The liquidity position is improved by NOK 98 million after negative currency effects, mainly from currency translation in the cash pool and in the revolving credit facility. The improved earnings and cash generation have led to continued deleveraging from 6.7- 2.0 net debt to EBITDA in Q1 2024. This means that we now have reached the target for leverage that we communicated last quarter to maintain a stable leverage ratio within the range of 1.5x - 2.0x net debt to EBITDA and returning excess capital to shareholders via dividends or share buybacks. With that, I will leave the word back to Sondre for outlook.

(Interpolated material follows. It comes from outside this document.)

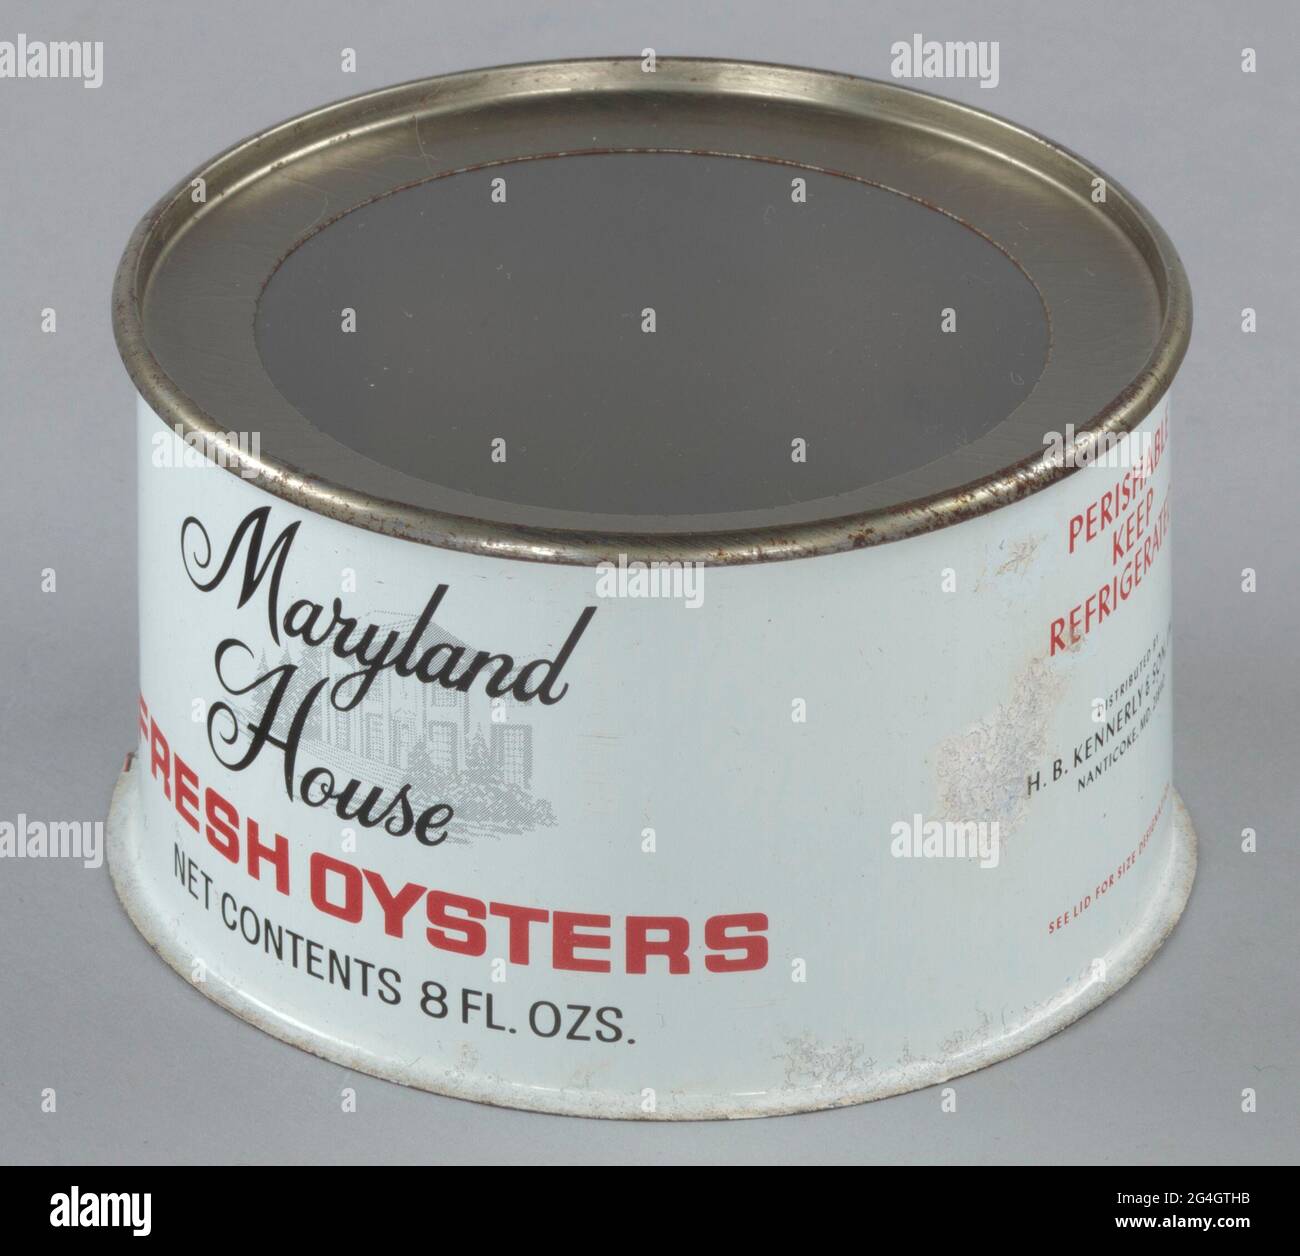 An eight ounce tin can for the Maryland House brand of oysters distributed  by H. B. Kennerly &amp; Son, Inc. The can is white with red and black text.  On the front

Thank you, Cecilie. So, before we conclude this presentation, let's take a minute to look into the period to come. We expect that our strengthened member product offering enables volume and ARPM growth, fueling revenue growth going forward. We still see an unleashed potential in the existing club portfolio, driven by square meter and equipment optimization and increased operational efficiency. And this will be a key driver for improved financial performance, accelerated by operating leverage and high drop-through to EBIT. And the accelerated financial momentum will further strengthen our balance sheet, enabling us to execute on our ambitions of a balanced and profitable expansion. And with that, I thank you all for following this presentation and wish you all a healthy and happy Tuesday!